I am not a handyman. No siree, not me. I always felt a little ashamed that I couldn’t, or maybe I should say that I didn’t enjoy doing most of the things that a handyman is required.

Sure, I can clean out a gutter, adjust the float on a swamp cooler and little things like that. When it comes to electrical work or doing some plumbing, color me hiding somewhere else.

I never was a mechanic or a carpenter. Heck, there are some of you gals out there that are better at most of this stuff than I am.

I have been told that I’m purty handy with a pen and pencil, young horses or a chicken fried steak. See, there are some talents I have.

Gentle readers, today was the day I had chosen to replace an older and leaking toilet. I pulled the old one out yesterday and had done all the prep work before this operation. I was ready. I stopped at the T Bar for coffee on my way to the big box store where I would select my toilet.

Joe said, “Why don’t ya just pay somebody to come out and hook that thing up for you? Those toilets can be heavy. Heck, I bet ya could get somebody to do that for you for 40 or 50 bucks. That’s what I did when I bought my last one.”

Now how did Joe know that I wasn’t a handyman? Had word gotten around that I wasn’t all that skilled when it came to this sort of thing? That really did it. I had to do it myself now. Off to the store where there were dozens and dozens of toilets. Guess what? I had written down the size of my old one and even drew a diagram of how the bottom would rest on the floor. I told ya I was handy with a pencil.

I finally selected the correct one, placed it on a four wheel dolly, and Joe was correct when he said they were heavy in those big boxes they were packaged in. I made it to the front where a young woman greeted me and ask if she could help.

“Sure,” I said. She had already eyed me as a hayseed.

“Sir, if you would just pick up the box and hold it up in front of this scanner for me!”

“Ugh, you may have to help me, ma’am, it’s a little heavy and hard to lift.” I weakly spoke.

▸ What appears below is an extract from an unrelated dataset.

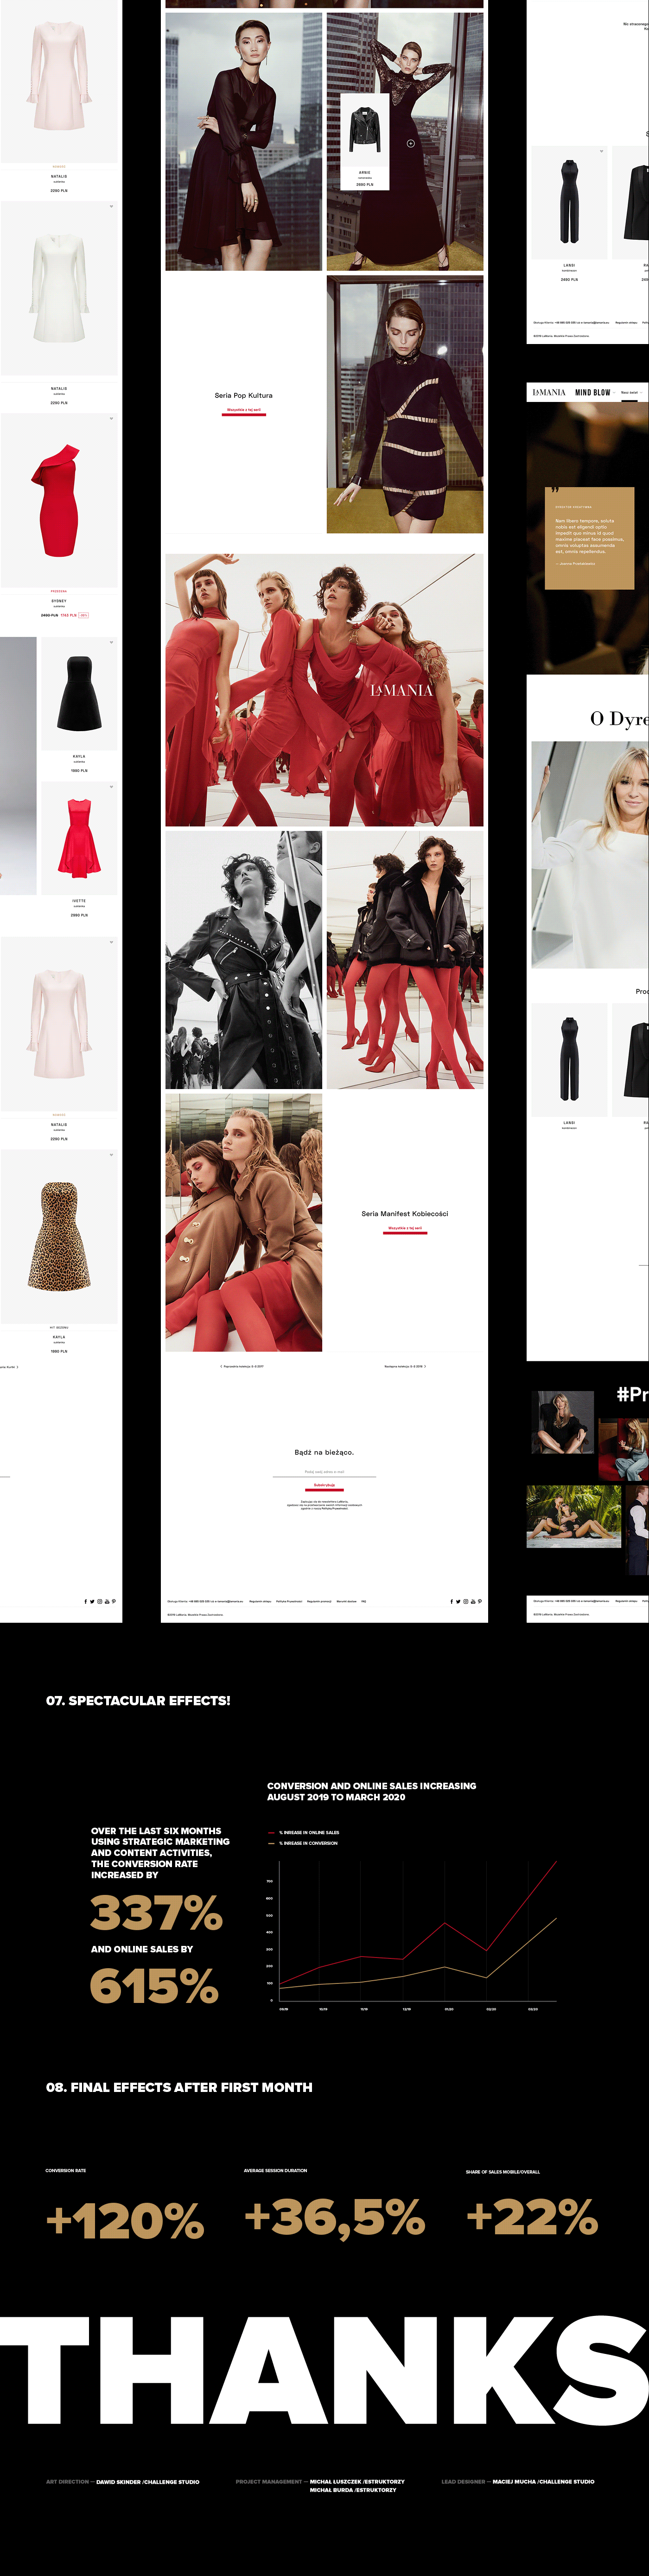 lamania la mania challenge studio poland Fashion  Fashion Store e-commerce online store mind blow  Ecommerce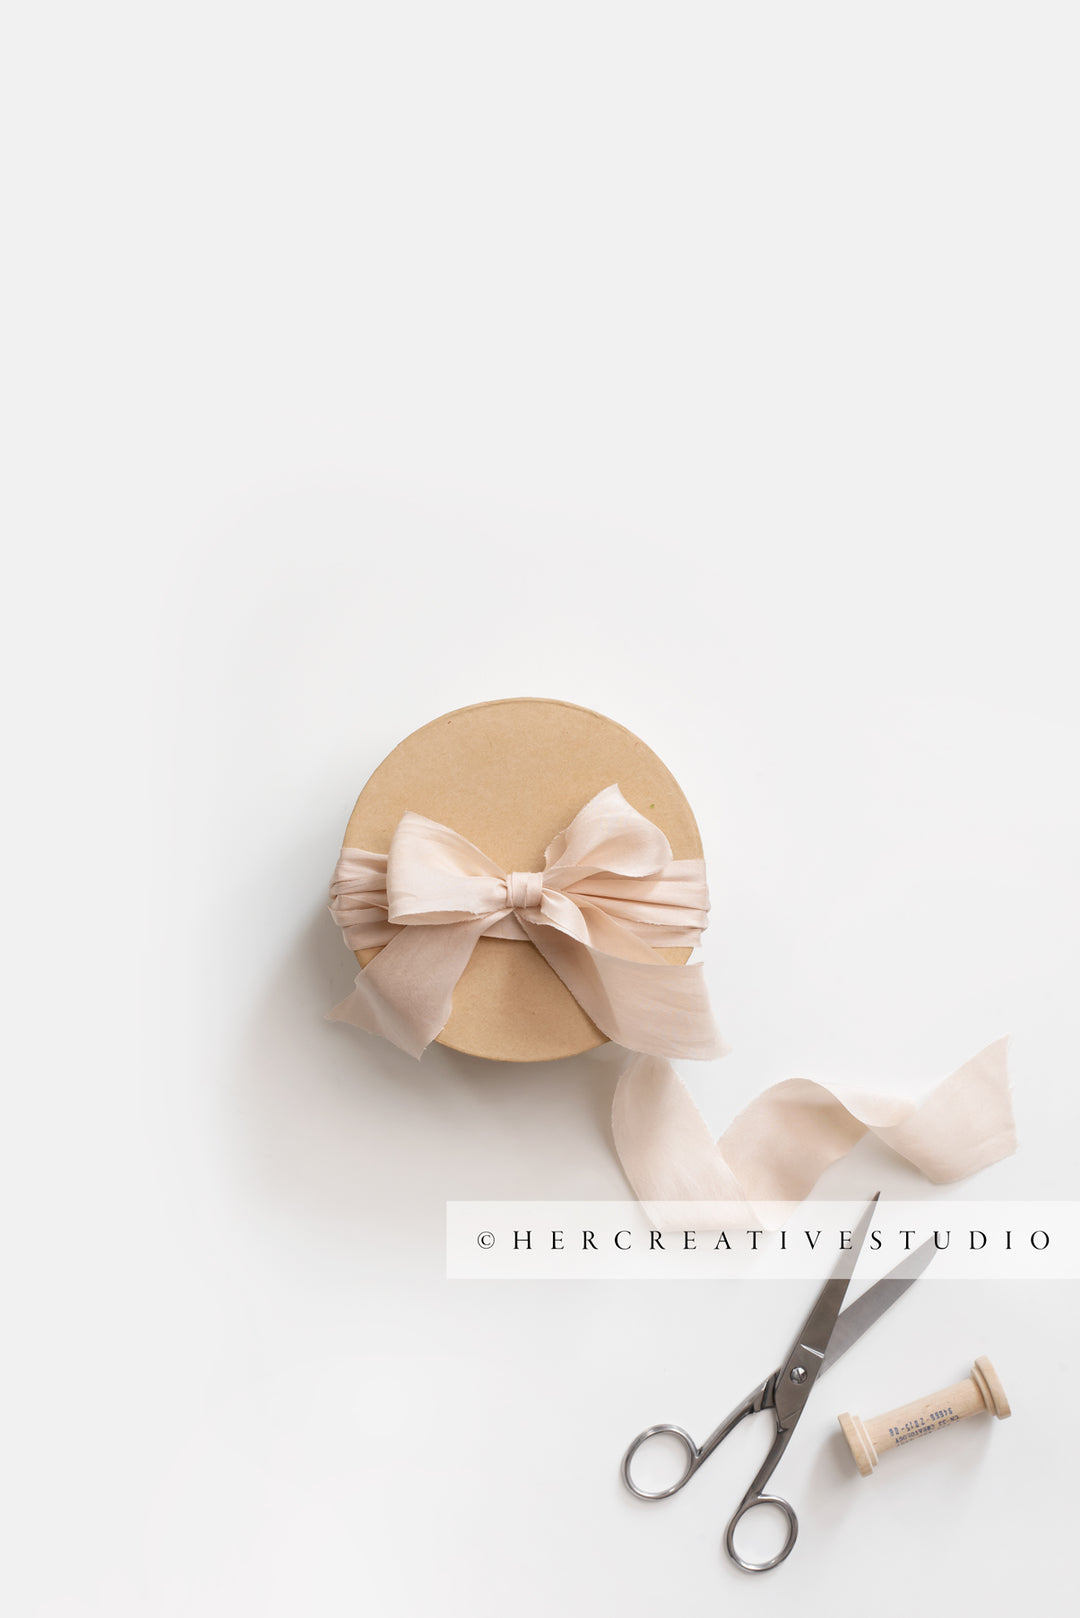 Kraft Paper Gift with Pink Silk Ribbon & Scissors, Stock Image

She ‘laffed,’ “I’m just kidding, I can scan it on the dolly.” Boy was I relieved.

To make it around the barn on this story I got the big ole box unloaded at the house. I actually sat down and read most of the instructions and then went to work getting it installed. It looked great, worked perfectly, and I only had two little washers left over.

I’m a handyman ya know!

Stay tuned, check yer cinch on occasion and I’ll c. ya.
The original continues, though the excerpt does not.